**Work instruction**
Each line below from the "Maia vasque lavabo" line through the "Collana in oro" line, those two included, must be restated word for word; the pictures must not be.

**Given data**
___

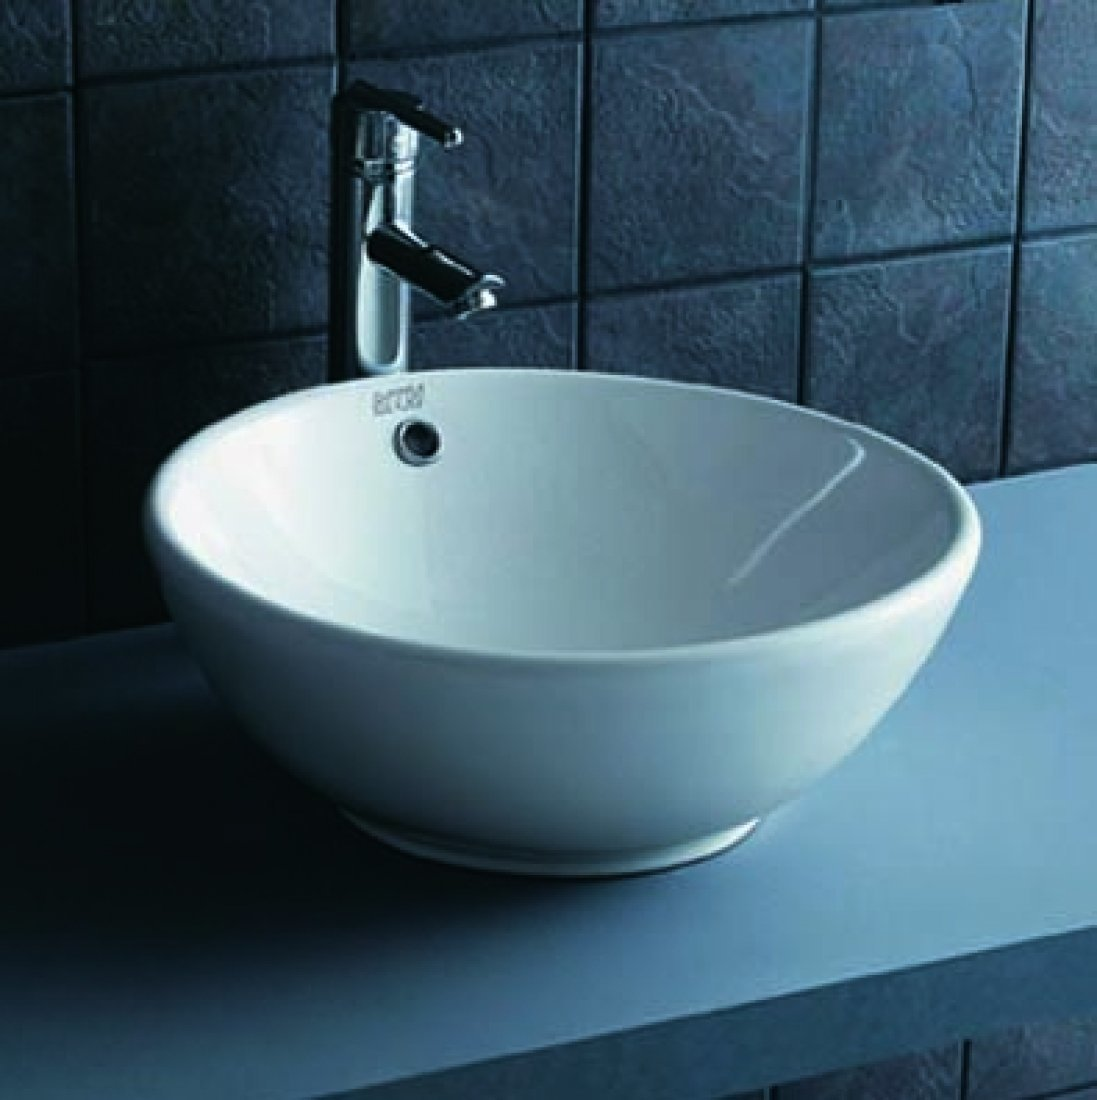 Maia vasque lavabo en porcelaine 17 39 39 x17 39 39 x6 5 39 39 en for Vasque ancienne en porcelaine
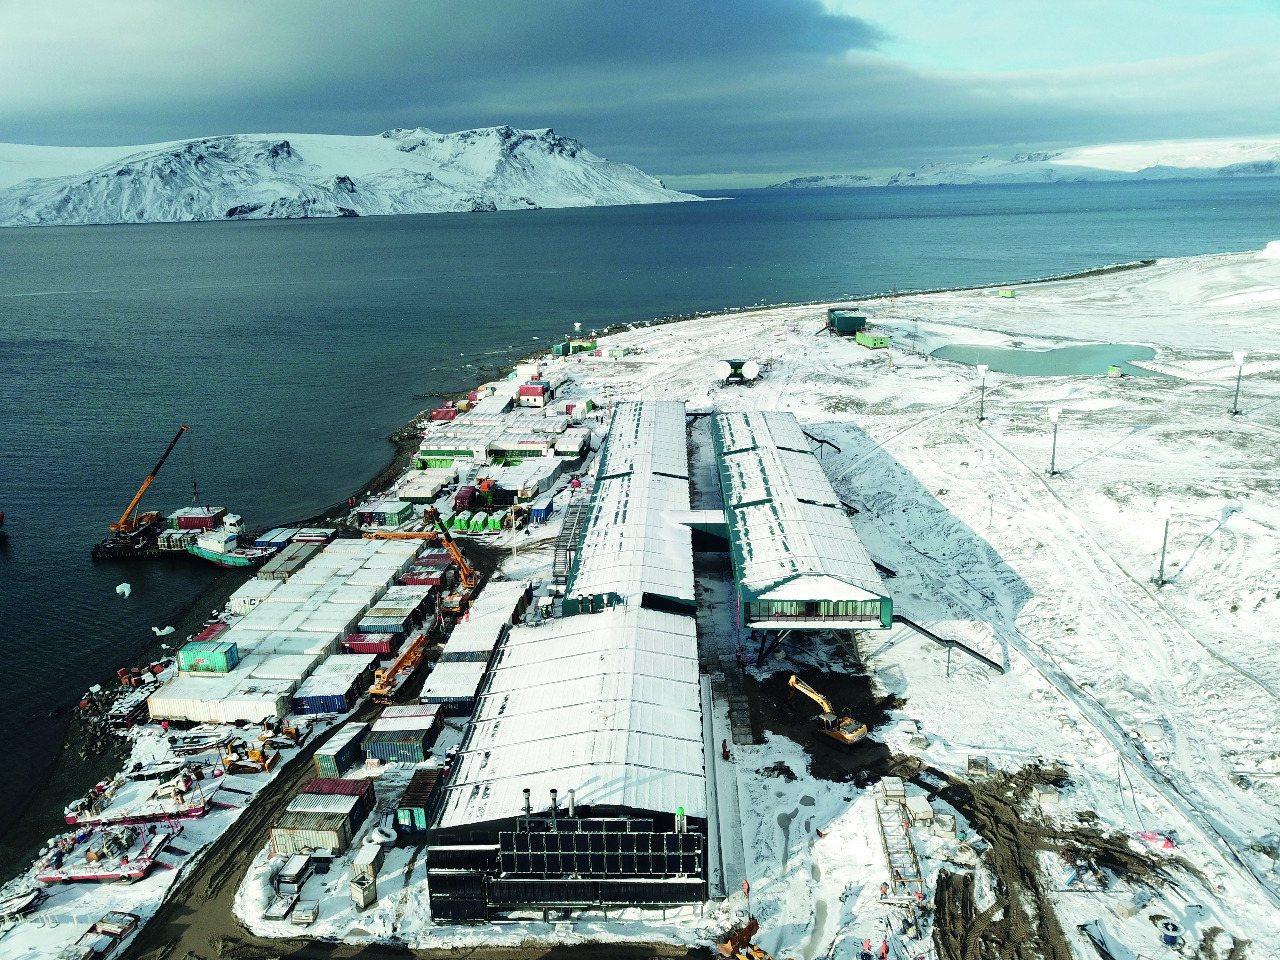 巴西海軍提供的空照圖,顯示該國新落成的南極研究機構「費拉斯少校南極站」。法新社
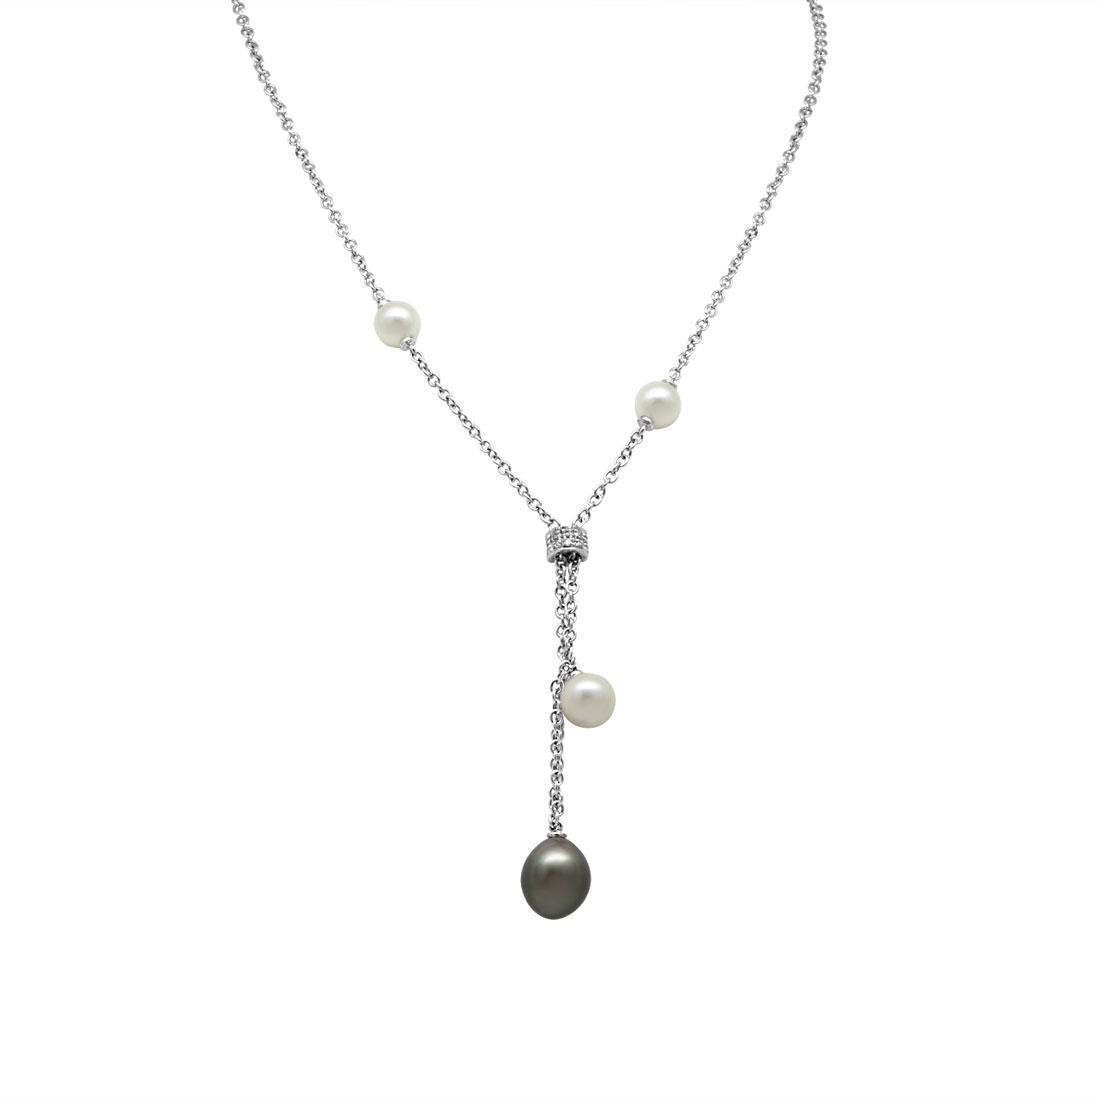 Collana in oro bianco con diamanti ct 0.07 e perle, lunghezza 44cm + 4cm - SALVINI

___

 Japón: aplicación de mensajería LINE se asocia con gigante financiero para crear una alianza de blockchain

___

**Response box**
 Maia vasque lavabo en porcelaine 17 39 39 x17 39 39 x6 5 39 39 en for Vasque ancienne en porcelaine
 巴西海軍提供的空照圖,顯示該國新落成的南極研究機構「費拉斯少校南極站」。法新社
 Collana in oro bianco con diamanti ct 0.07 e perle, lunghezza 44cm + 4cm - SALVINI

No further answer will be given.